Я так ненавидел Типтофов, что готов был сразиться с ними на любых выборах. Они не только не бывали в Хэктоне, но и отказывались принимать тех, кто бывал у нас; по их наущению все дамы в графстве закрыли двери своих домов для моей жены; Типтофы распускали добрую половину идиотских сплетен, ходивших по округе о моем распутстве и мотовстве; они утверждали, будто я женился на леди Линдон, взяв ее на испуг, и что она теперь конченый человек; намекали, будто жизнь Буллингдона не в безопасности под моей крышей, будто его держат в черном теле, будто я сплю и вижу, как бы убрать его с дороги моего сына Брайена. Кто бы из моих приятелей ни заезжал в Хэктон, в Типтоф-холле уже подсчитывали, сколько по этому случаю было выпито бутылок. Они докапывались до всех моих дел со стряпчими и посредниками. Если я не платил кредитору, все его претензии становились там известны наперечет; стоило мне заглядеться на фермерскую дочку, как они кричали, что я ее погубил. Никто из нас не без греха, как семьянин я не могу похвалиться ровным, выдержанным характером; но мы с миссис Линдон ссорились не чаще, чем это бывает в любом аристократическом доме, и первое время все наши размолвки так или иначе кончались примирением. У меня, конечно, много недостатков, и все же я не тот дьявол во плоти, каким изображали меня злостные клеветники в Типтоф-холле. Первые три года не было случая, чтобы я ударил жену, разве что под пьяную руку. Когда я запустил в Буллингдона столовым ножом, я был нетрезв, что могут подтвердить все присутствовавшие при этой сцене; но отсюда еще далеко до каких-то злокозненных умыслов против бедного малого; с этой стороны я чист и клятвенно заверяю, что, если не считать того, что я от души ненавидел пасынка (а в склонностях своих никто не волен), я никогда не желал ему зла.

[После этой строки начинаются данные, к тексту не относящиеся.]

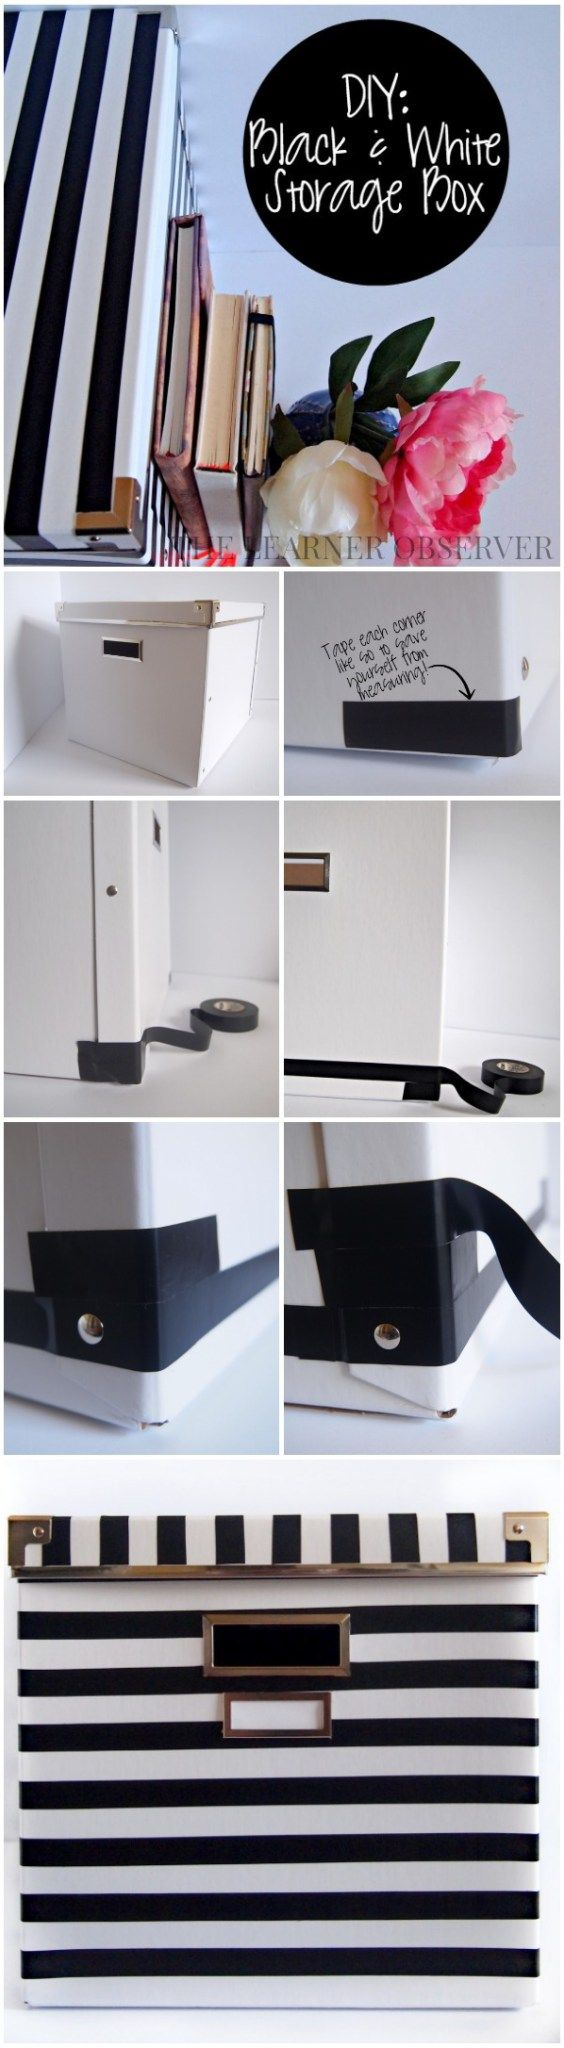 ikea office storage boxes. DIY Black \u0026 White Stripe Storage Box | Ikea Hack Office Boxes A
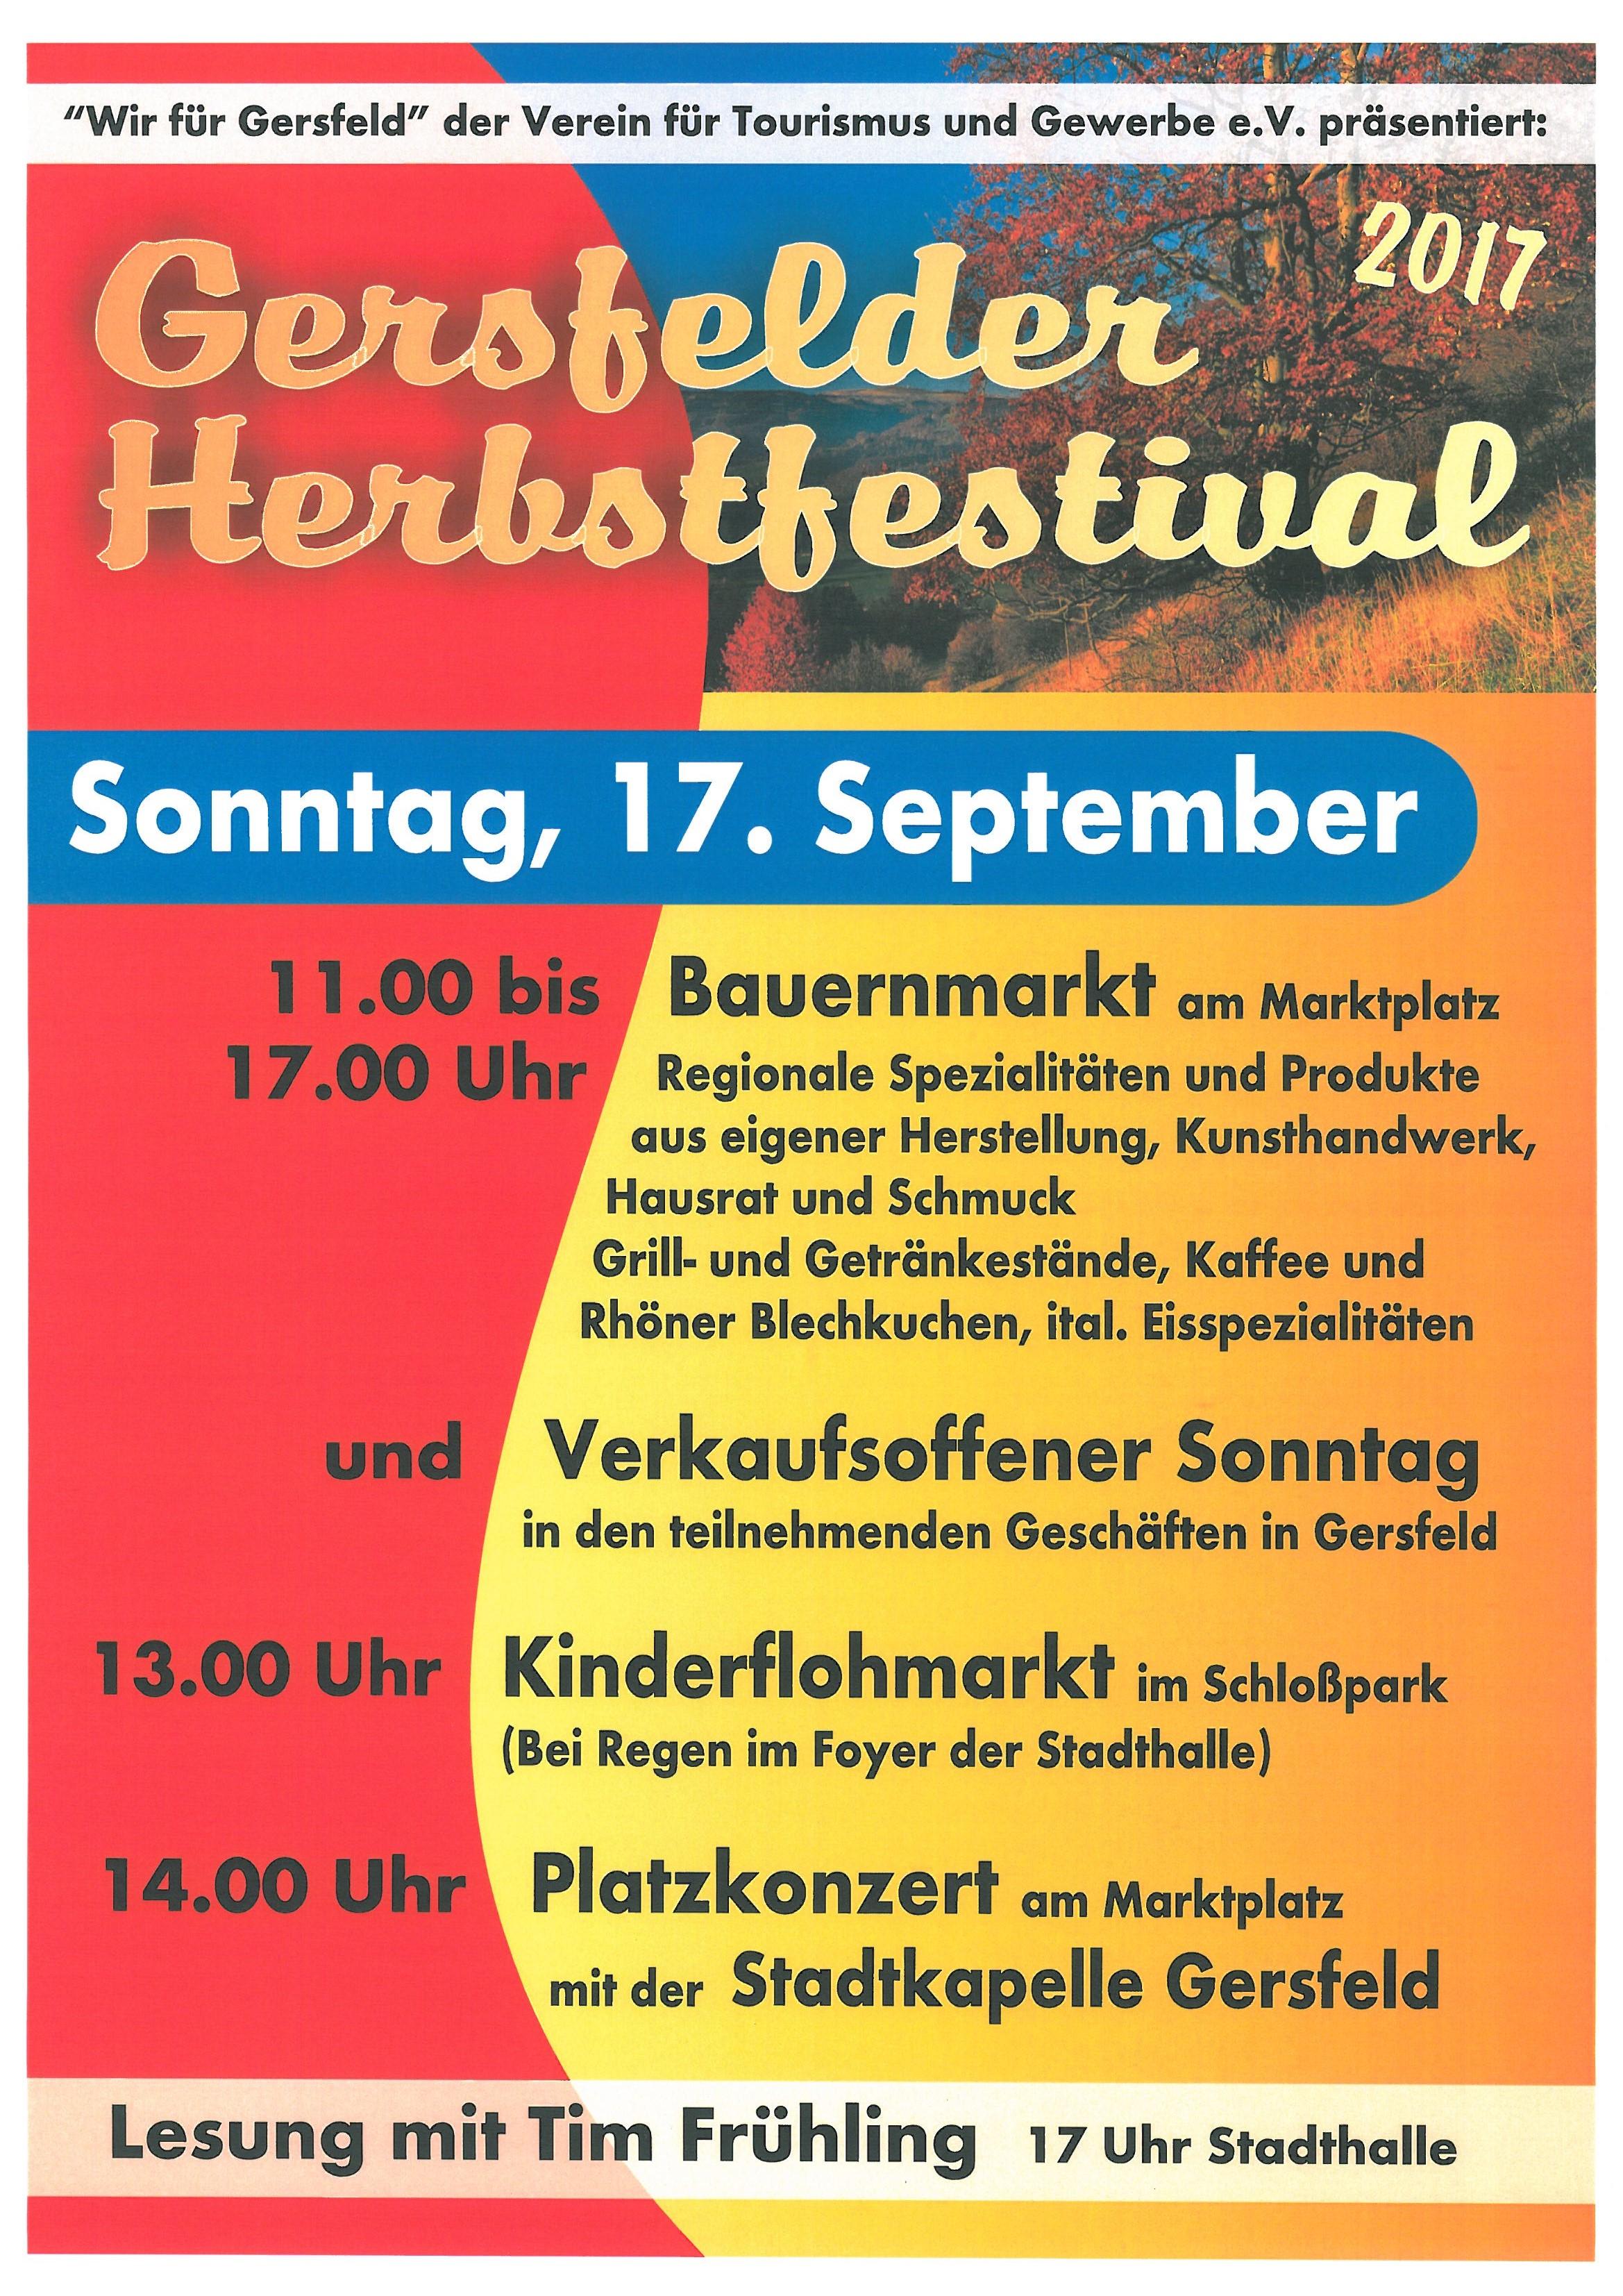 Bauernmarkt Herbstfestival & verkaufsoffener Sonntag am 17. September

Итак, у меня был давнишний зуб на Типтофов, а я но из тех, кто позволяет своим чувствам подобного рода ржаветь в бездействии. Хоть и виг, а может быть, именно поэтому, маркиз отличался крайним высокомерием: он обращался с простыми смертными примерно так же, как обращался его божок, великий граф, особенно с тех пор как ему самому пожаловали титул пэра, точно с презренными вассалами, для которых должно быть честью облобызать пряжку на его башмаке. Когда к нему являлись типплтонский мэр с корпорацией, он выходил к ним в шляпе, не приглашал мэра сесть и сразу же исчезал, едва вносили закуску, а бывало и так, что почтенных олдерменов угощали в каморке дворецкого. Правда, честные бритты не роптали на такое обращение, пока я их не просветил, движимый патриотическими чувствами. Этим подхалимам даже нравится, когда ими помыкают, я на долгом опыте убедился, что редкий англичанин смотрит на дело иначе.
Уму непостижимо, сколько новых достоинств открывает в человеке богатство; подобно воску или глянцу, оно выявляет естественно присущий ему цвет и блеск, которые теряются, когда видишь его в холодных серых сумерках бедности. Не много понадобилось времени, чтобы меня признали в Лондоне красавцем и щеголем первой руки. Мое появление в кофейнях на Пэл-Мэл, а затем в самых знаменитых клубах произвело фурор. В городе только и говорили что о моей изысканной жизни, о моих экипажах и блестящих приемах, утренние газеты писали о них, захлебываясь. Те из родственников леди Линдон, что победнее и попроще, уязвленные несносной надменностью старика Типтофа, зачастили к нам на вечера и приемы; что же до моей родни, то в Лондоне и в Ирландии объявилось такое число кузенов, искавших моего знакомства, какое мне сроду не снилось. Были среди них, разумеется, соотечественники (я не слишком ими гордился); так ко мне таскались трое или четверо чванных и весьма потрепанных франта из Темпла, с линялым галуном и истинно ирландским акцентом, прогрызавших себе дорогу к лондонской адвокатуре, а также несколько рыцарей игорного стола, промышляющих на водах, – я очень скоро указал им на дверь; был и кое-кто поприличнее, назову из них моего кузена лорда Килберри, при первом же знакомстве занявшего у меня, на правах родства, тридцать гиней, чтобы расплатиться со своей хозяйкой на Суоллоу-стрит. По некоторым личным причинам я поддерживал эту связь, к каковой Геральдическая палата не давала ни малейших оснований. Для Килберри всегда находилось место за моим столом; он был моим постоянным понтером, хотя платил когда вздумается и, следовательно, крайне редко; состоял в приятельских отношениях с моим портным и задолжал ему крупную сумму и всегда и везде трубил о своем кузене, великом Барри Линдоне с Запада.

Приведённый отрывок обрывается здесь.